Step 3 – Deriving Compositional Explanations: The generated masks are compared with the activation maps of individual neurons. Logical operators (AND, OR, NOT) are applied to quantify the spatial overlap between a neuron’s high‑activation region and the concept mask. The authors further incorporate a Bayesian treatment of mask uncertainty, yielding a confidence score for each explanation and allowing automatic exclusion of low‑certainty regions. The final output is a human‑readable statement such as “Neuron 42 responds strongly to regions where a blue object contacts a person.”

The technical contributions are twofold. First, the paper demonstrates that model‑generated masks can serve as reliable proxies for human annotations. This is validated through quantitative metrics—Intersection‑over‑Union (IoU), Average Precision (AP)—and through a human study where participants rated the interpretability and plausibility of the explanations. Second, the framework introduces a principled way to handle uncertainty in the segmentation masks, which improves the robustness of the derived explanations.

Empirical evaluation spans three domains: (1) ImageNet‑1k for generic object recognition, (2) COCO‑Stuff for scene‑level semantics, and (3) a medical imaging dataset to test domain transfer. The proposed method is benchmarked against a state‑of‑the‑art Human‑Annotated Compositional Explanation (HACE) baseline. Results show an average IoU improvement of 7–12 % over HACE and a 85 %+ preference rate in a user study, indicating that participants found the open‑vocabulary explanations more intuitive.
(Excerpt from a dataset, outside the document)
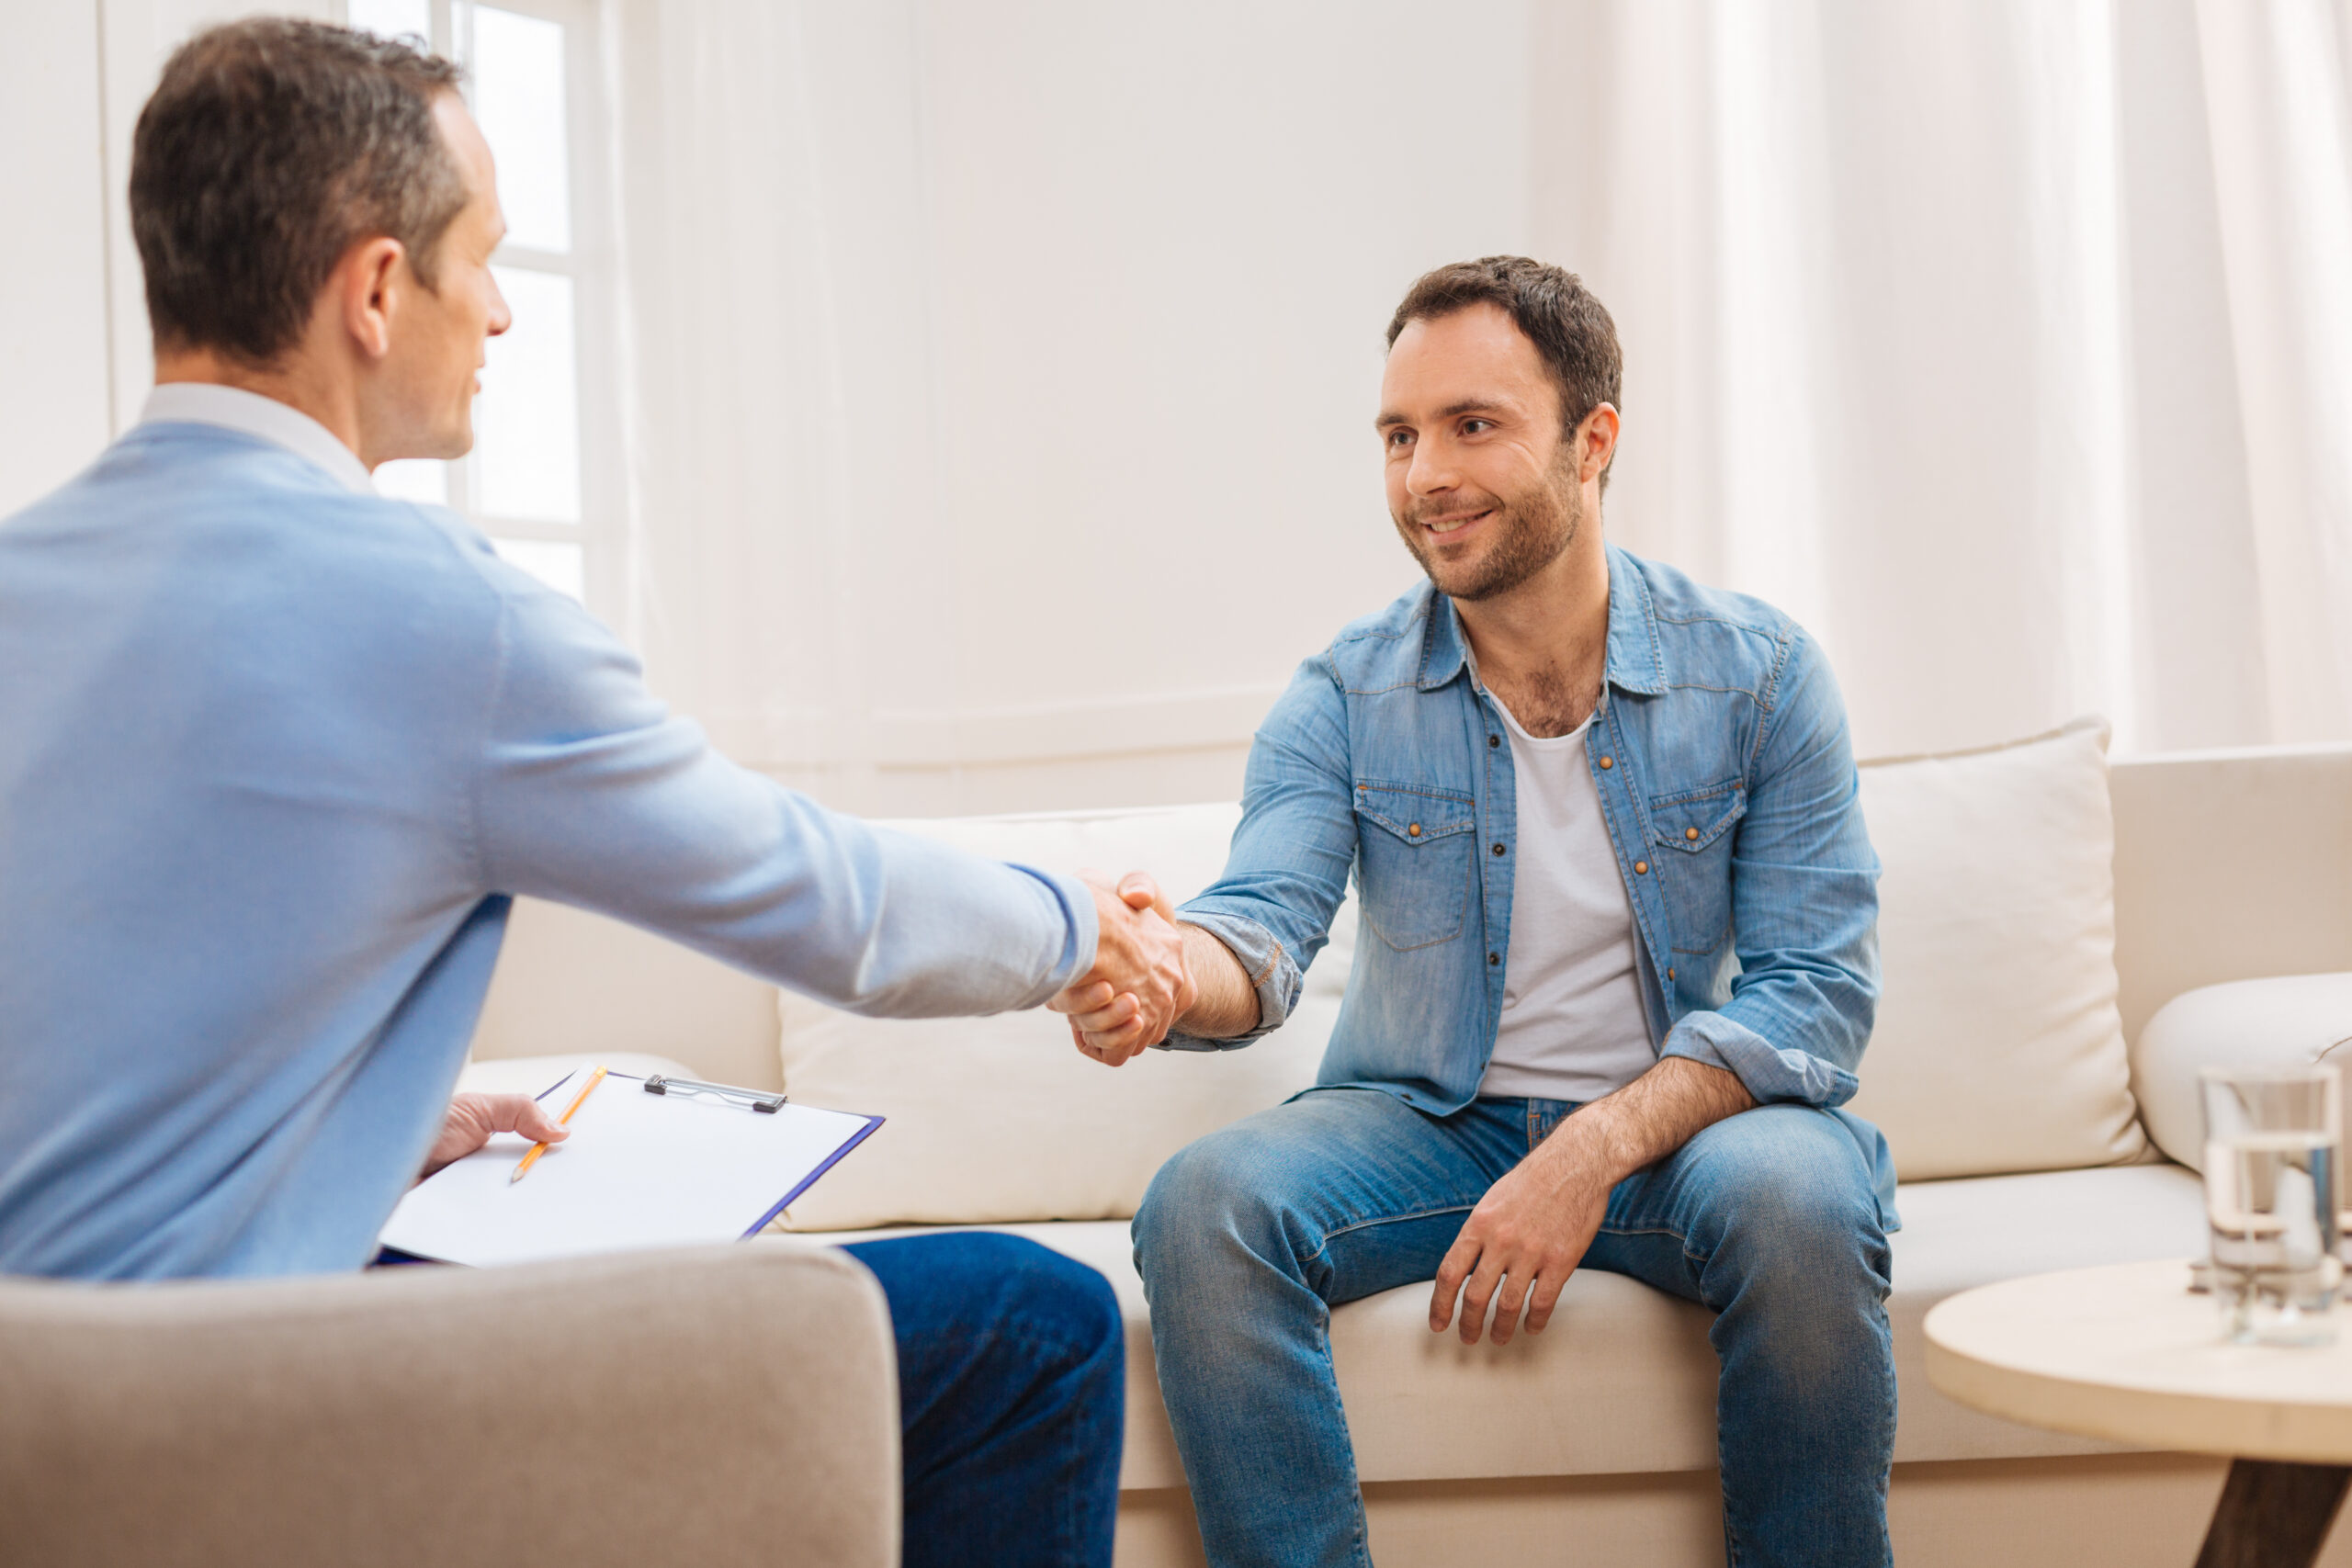 Male shaking hands with male therapist after a successful session

Moreover, the framework readily accommodates novel concepts such as “retro style” or “reflected surface” without any additional training or annotation, showcasing its flexibility.

Limitations are acknowledged. The quality of explanations is bounded by the accuracy and bias of the underlying OVSS model; systematic errors in segmentation can propagate to misleading neuron interpretations. Additionally, as logical expressions become more complex, the resulting explanations may become harder for humans to parse—a problem the authors refer to as “explanation complexity.” To mitigate these issues, future work is proposed on multi‑modal feedback loops (e.g., incorporating textual explanations back into the segmentation model) and on compressing logical expressions into more concise natural‑language summaries.

In summary, this work introduces a novel, annotation‑free pipeline for generating compositional explanations of neural activations. By harnessing the generalization power of open‑vocabulary segmentation, it enables researchers and practitioners to probe neurons with any textual concept across any dataset, dramatically expanding the scope and practicality of interpretability research in computer vision.